How does `shuffle_sequences` work in PPO?

Hi everyone,

I am not sure how does shuffle_sequences works in PPO nor which code snippets are responsible for shuffling the mini-batch. I have always set this setting to True but never knew how exactly it works.
I looked into every train_batch that is passed to the loss function, but it seems that the train batch is ordered, and I assume this because I saw that the sequence for unroll ids is ordered as well. e.g. [0 … 0 1 1 … 1 1 2 … 2].
The starting index (in terms of unroll id) of a mini-batch sampled from the train batch seems like being sampled randomly, but the sequence seems always consecutive.

@avnishn any thoughts here?

I looked into further, although I do see from Line 330 to 332:

 for _ in range(self.num_sgd_iter):
    permutation = np.random.permutation(num_batches)
    for batch_index in range(num_batches):

that is sort of doing random “shuffling” on batches.

self.shuffle_sequences is not used anywhere outside of __init__ in


Ppo does shuffle sequences but it is currently not configurable. The data is always shuffled. It happens here:

Thanks @mannyv, forgot to mention that I was using fractional GPU on my workers, so I suppose MultiGPUTrainOneStep was invoked instead of TrainOneStep.
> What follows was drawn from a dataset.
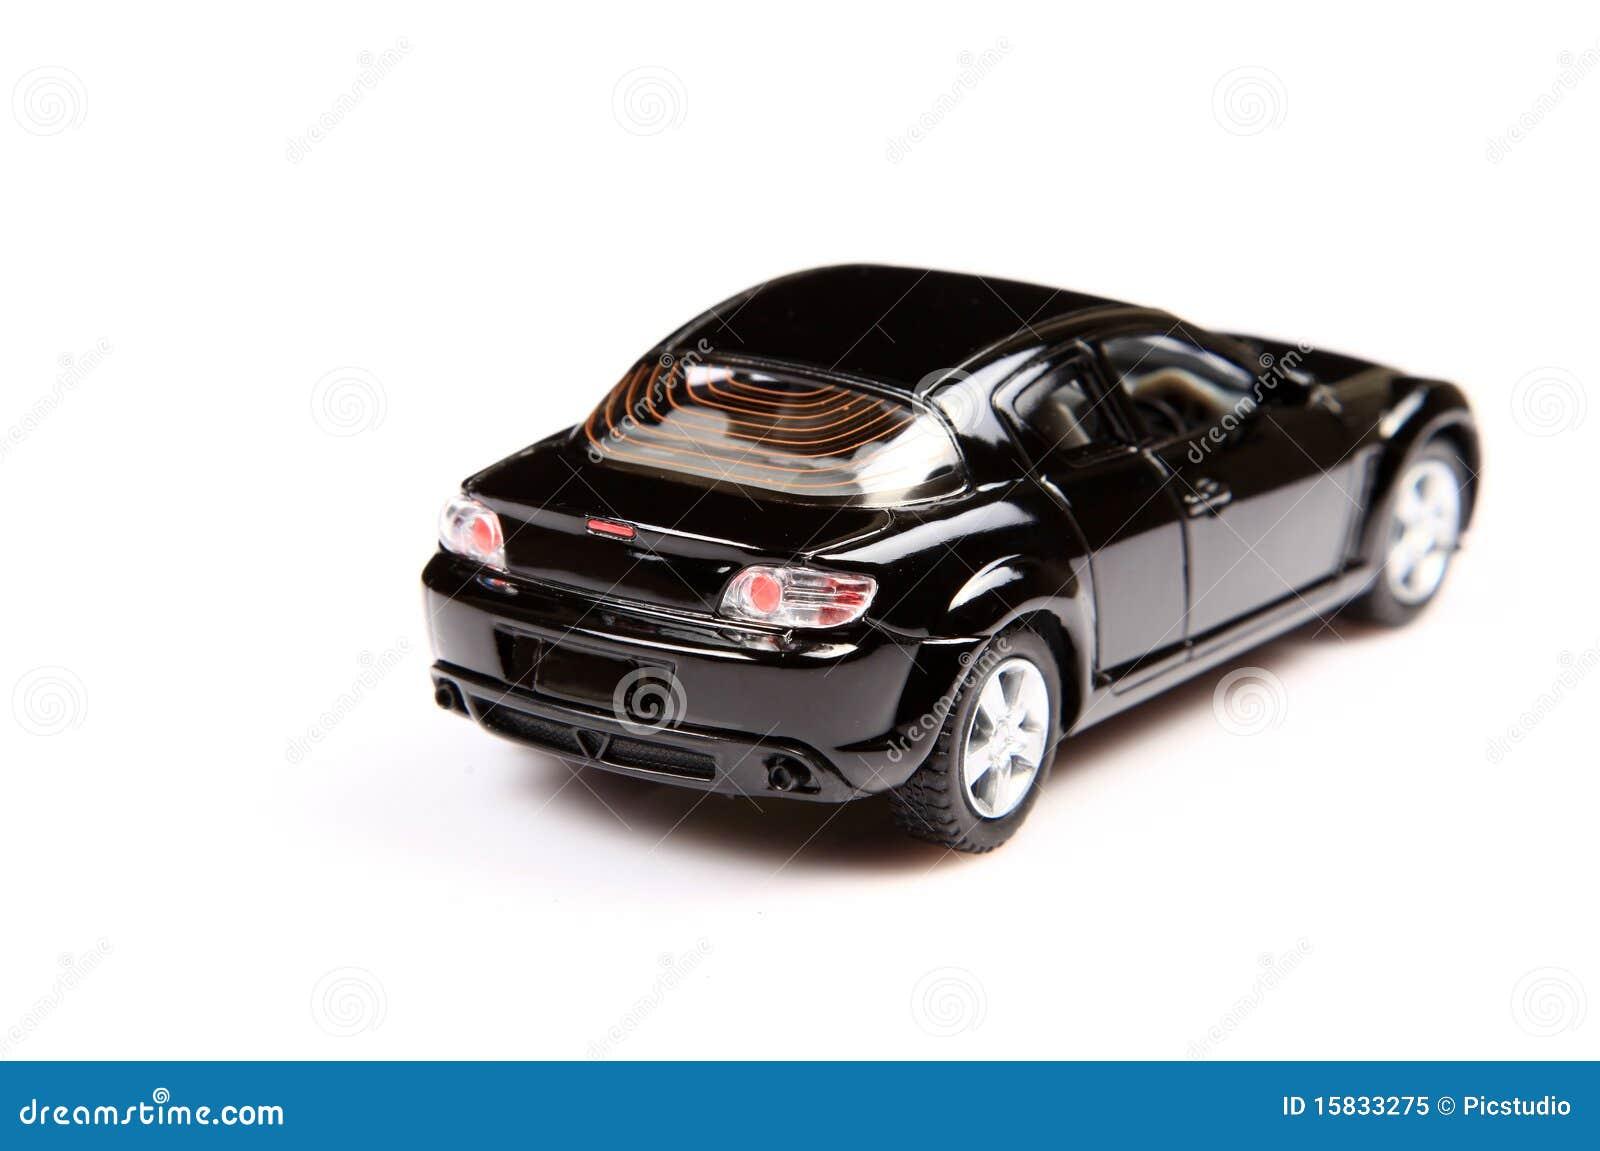 Sports car back

I do see do_minibatch_sgd is invoked in TrainOneStep but not in MultiGPUTrainOneStep. So I suppose the multi-gpu version of shuffling is done instead by sample a random offset values from the random permutation at each iteration?

Hi @mickelliu,

I dont use the multigputrainer so I am not sure in that case. A quick search through the code only revealed that they do “shuffle” the batches but if you only have one batch I could not find other forms of shuffling either.

@mannyv Thanks for your info. I think I got a good understanding of it now.